Hippopotame was a 50-gun ship of the line of the French Navy, designed by François Coulomb the Younger. She served during the Seven Years' War. In 1777, Pierre Beaumarchais purchased her as part of a commercial entreprise to provide weapons of the American independentist insurgents. She was part of the French line of battle at the Battle of Grenada on 6 July 1779, and served as a hospital during the Siege of Savannah.

Career

Seven Years' War 
Hippopotame entered service in 1750. From 1760, she was under Hippolyte de Sade de Vaudronne.  In 1763, she conducted a mission to Algiers, under Captain de Fabry.

Interwar period 
In 1769, Hippopotame was at Saint Domingue and Martinique under Vaudreuil, along with Solitaire, ferrying troops to the French colonies in the Caribbeans.

She was part of the 1772 Escadre d'évolution under Captain Bougainvilliers de Croy.

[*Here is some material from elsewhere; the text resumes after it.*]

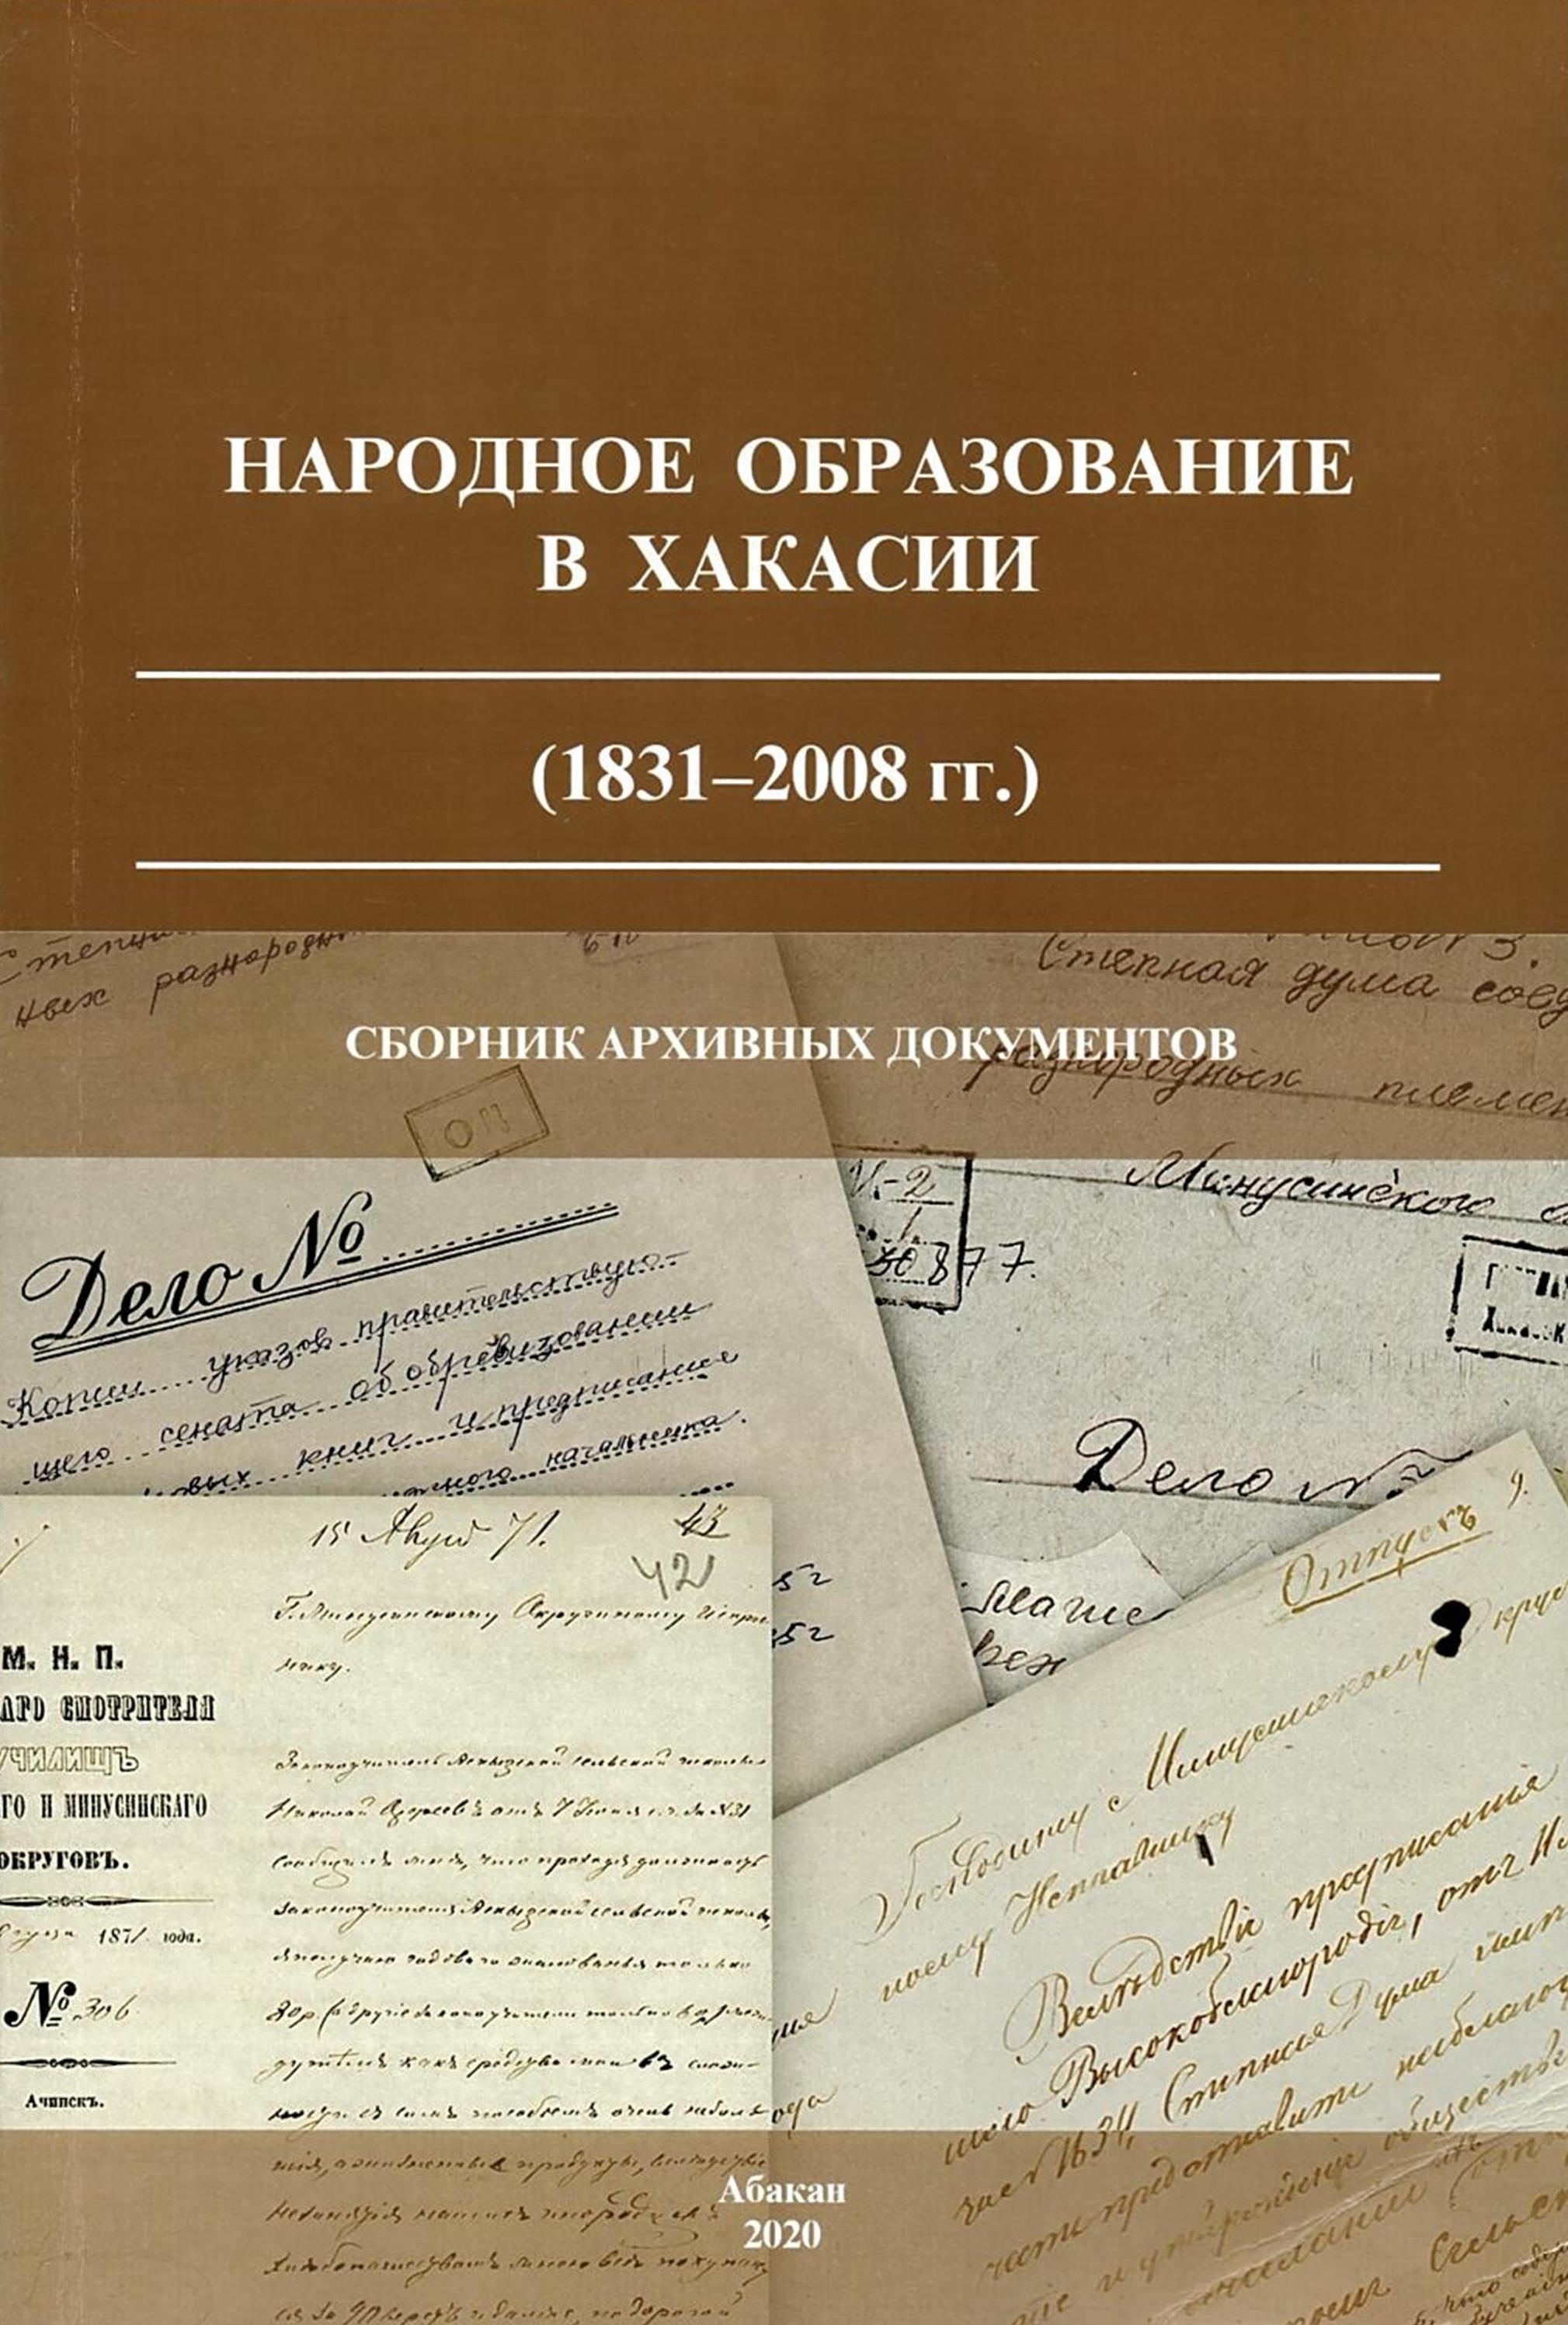 Сборник архивных документов "Народное образование в Хакасии (1831-2008 гг.)"

War of American Independence 
In April 1777, the Navy sold her to Roderigue Hortalez and Company, a company founded by Pierre Beaumarchais. He renamed her  Fier Rodrigue and from 1778, he used her to ferry weapons to the American insurgents. She departed Rochefort in January 1778, sailed to Saint-Domingue and America, and was back in Rochefort on 1 October. 

In early 1779, she departed Rochefort to sail to Brest and Ile d'Aix. She departed Ile d'Aix around April, and sail to America.

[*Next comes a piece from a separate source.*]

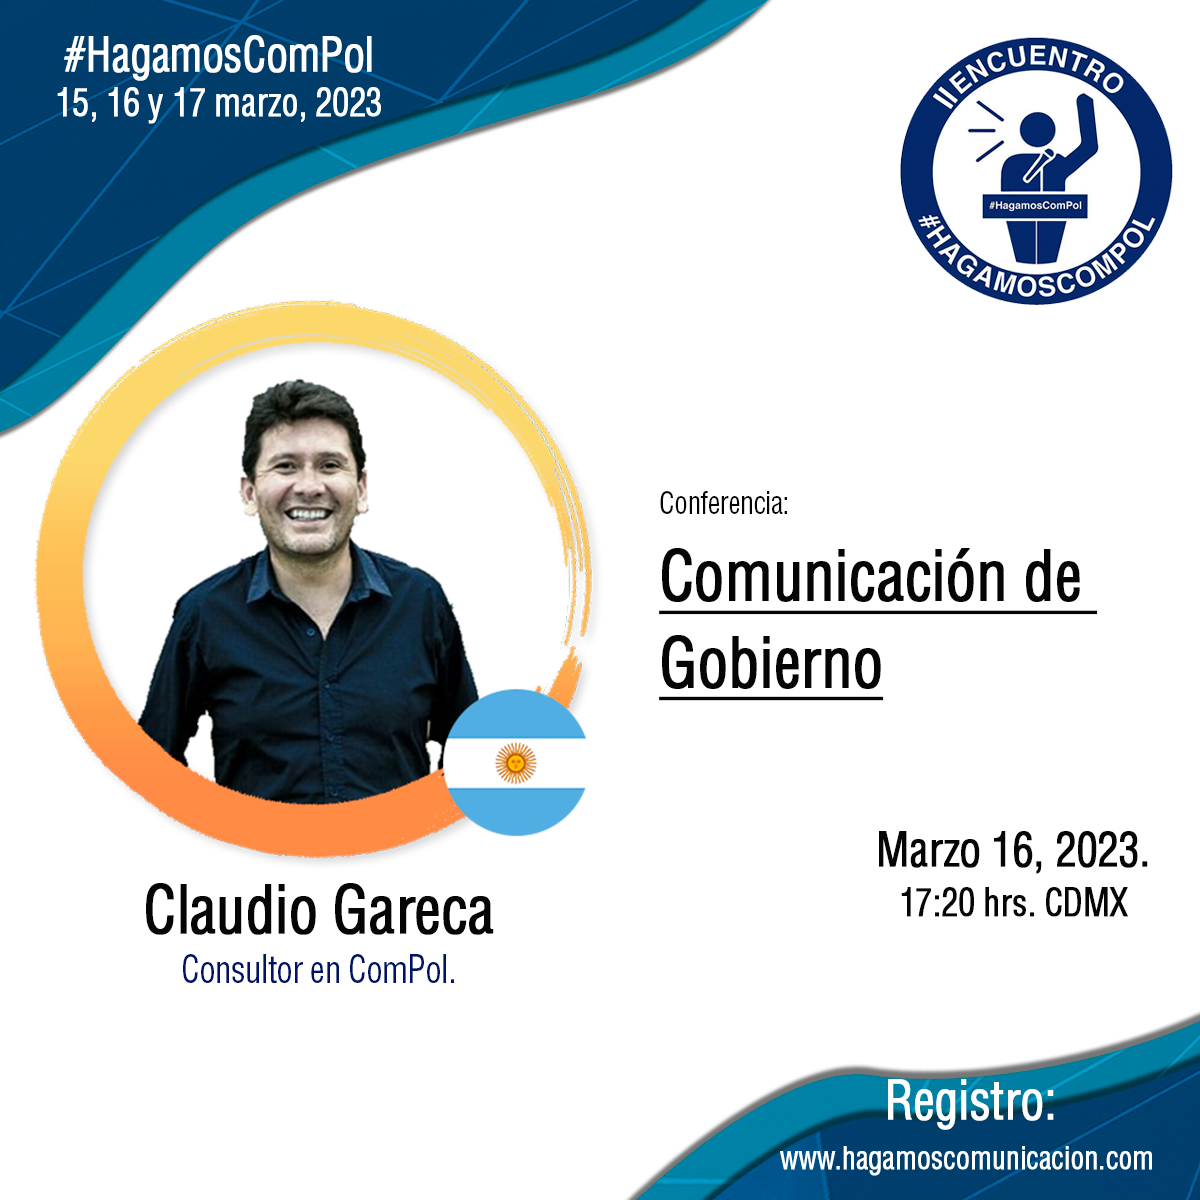 Claudio Gareca apertura el segundo día del II Encuentro #HagamosComPol

In July 1779, Fier Rodrigue was escorting a 10-ship convoy near Grenada. On 6, she encountered the fleet under d'Estaing, preparing for battle. the French Navy requisitioned her and she took part in the ensuing Battle of Grenada. Her captain, Montault, was killed, and 22-year old auxiliary officer Ganteaume

The requisition of Fier Rodrigue caused several ships of Beaumarchais' convoy to be captured. Beaumarchais protested and sought compensation from the French Crown. 

Around August 1779, Fier Rodrigue was used as a hospital ship in Charlestown, to support the Siege of Savannah. Two month later, the Navy returned her to Beaumarchais. 

Fier Rodrigue called the Chesapeake and Yorktown, from where she departed on 14 August 1780, bound for Rochefort. On 1 August 1780, Fier Rodrigue arrived at Île de Ré, escorting a 15-ship convoy from New England, as well as two prizes captured from the British.

Fate 
Fier Rodrigue was condemned in march1782, and was broken up in Rochefort in 1784.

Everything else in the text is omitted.